Abstract
The rooting of the SARS-CoV-2 phylogeny is important for understanding the origin and early spread of the virus. Previously published phylogenies have used different rootings that do not always provide consistent results. We investigate several different strategies for rooting the SARS-CoV-2 tree and provide measures of statistical uncertainty for all methods. We show that methods based on the molecular clock tend to place the root in the B clade, while methods based on outgroup rooting tend to place the root in the A clade. The results from the two approaches are statistically incompatible, possibly as a consequence of deviations from a molecular clock or excess back-mutations. We also show that none of the methods provide strong statistical support for the placement of the root in any particular edge of the tree. Our results suggest that inferences on the origin and early spread of SARS-CoV-2 based on rooted trees should be interpreted with caution.

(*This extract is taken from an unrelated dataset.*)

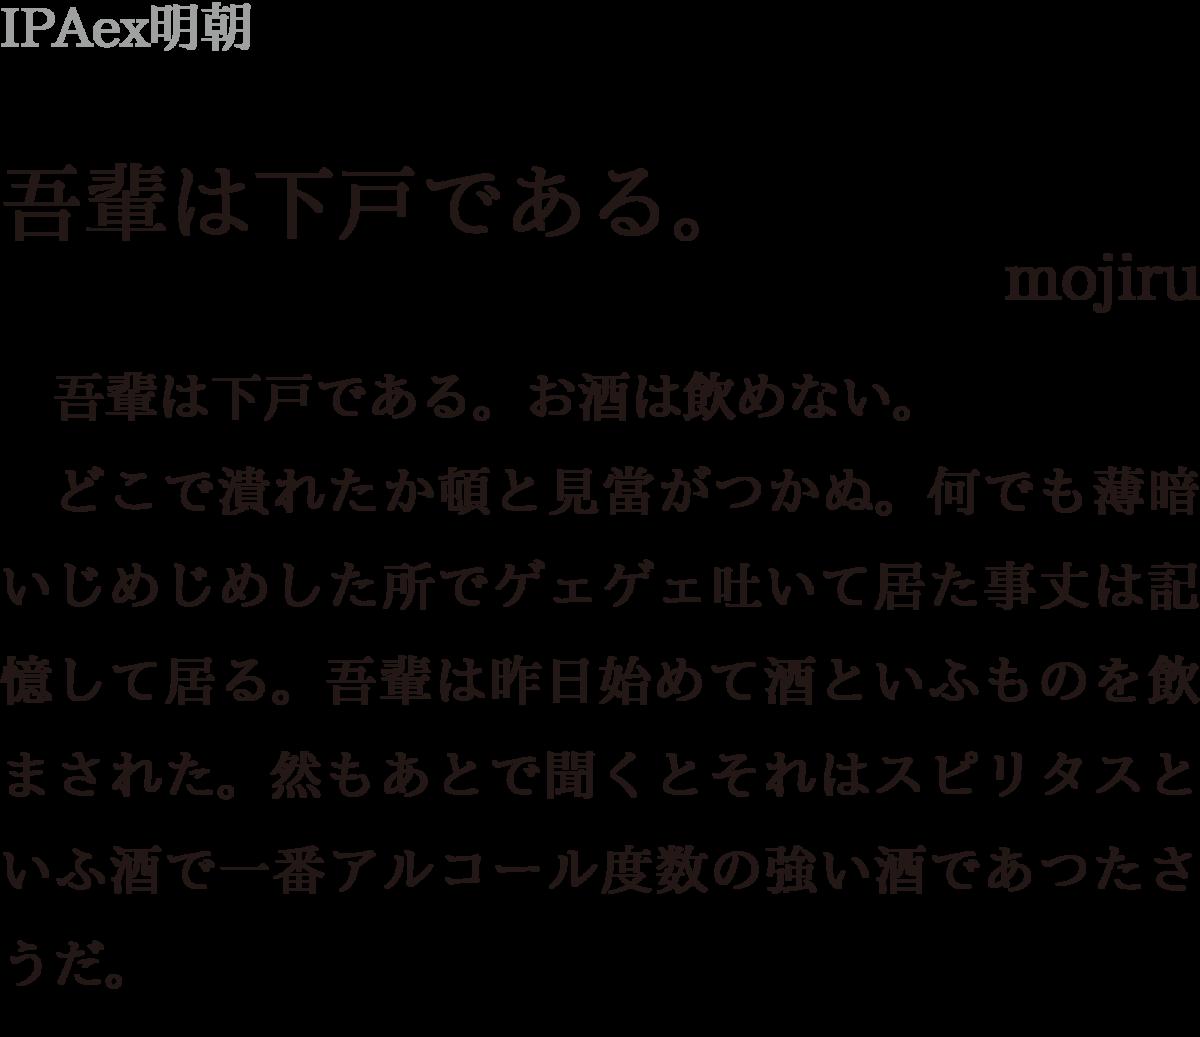 f:id:mojiru:20190516095213p:plain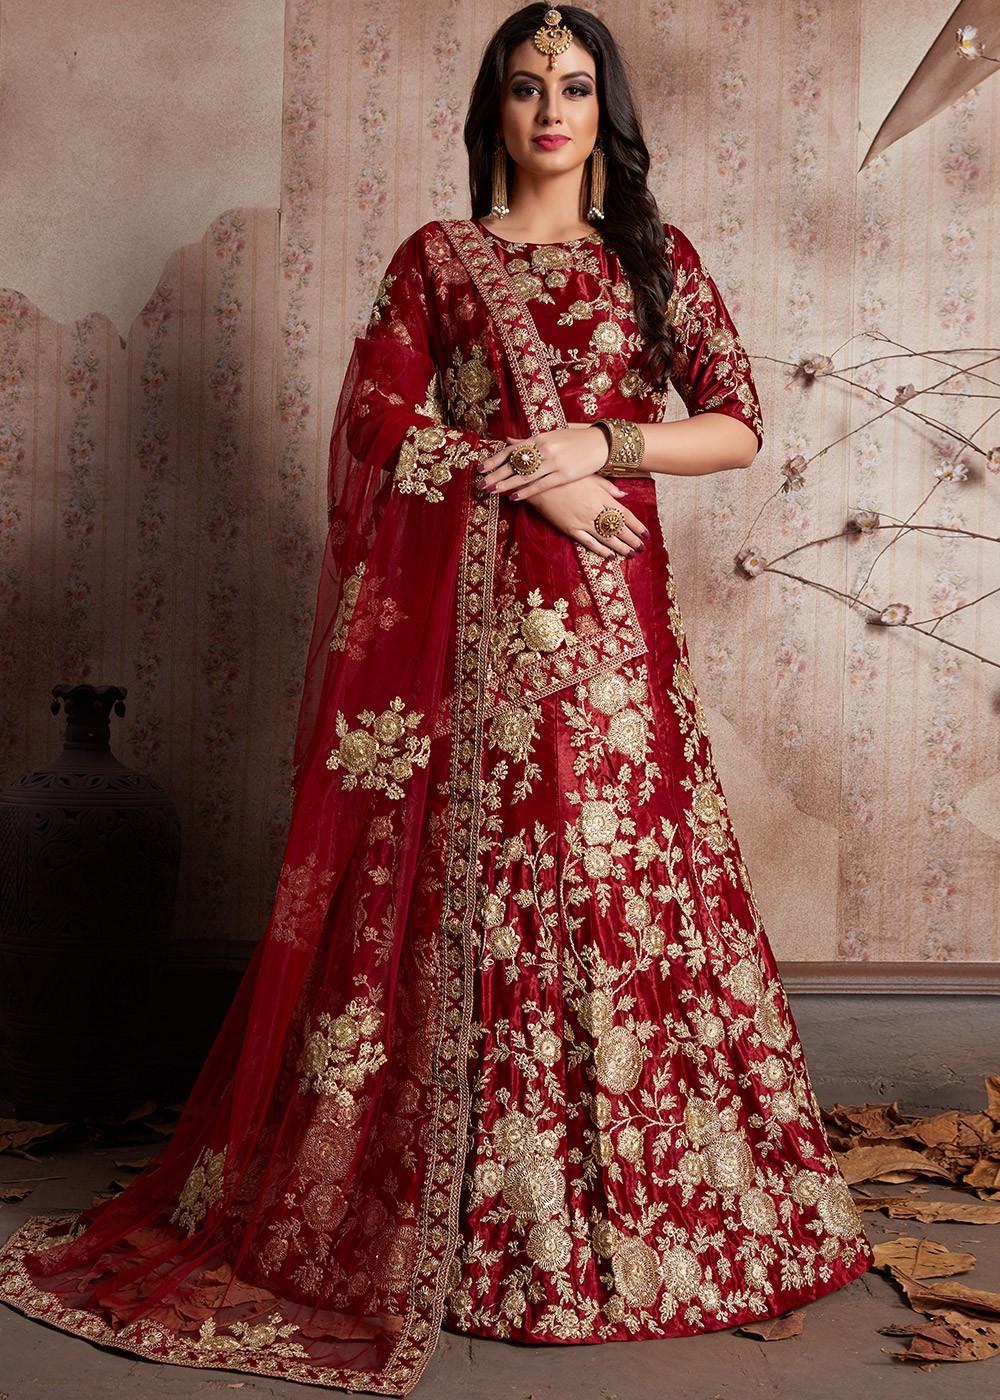 051da83c45 Maroon Embroidered Velvet Designer Bridal Lengha Choli Online Shopping  Maroon Embroidered Velvet Bridal Lehenga ...

Competing Interest Statement
The authors have declared no competing interest.
Footnotes
-We have more than doubled our sample size (from n=64 to n=132) to investigate whether other rootings are possible. We have included more samples from Wuhan and/or mainland China and more samples from later in the pandemic. -We have performed a simulation study of the accuracy of the bootstrap in the current context.. -We have added a section about investigating for temporal signal in the data using root-to-tip divergence for the two rootings (a rooting in clade A and a rooting in clade B). We have also added an analysis using a formal approach for testing for temporal signal using BETS. -We have made our two software programs used in this manuscript available for download. -We have rewritten the text of the manuscript to provide more context to the significance of the problem we are addressing including an additional main figure which illustrates the inconsistency in the rooting using outgroup rooting vs. molecular clock rooting.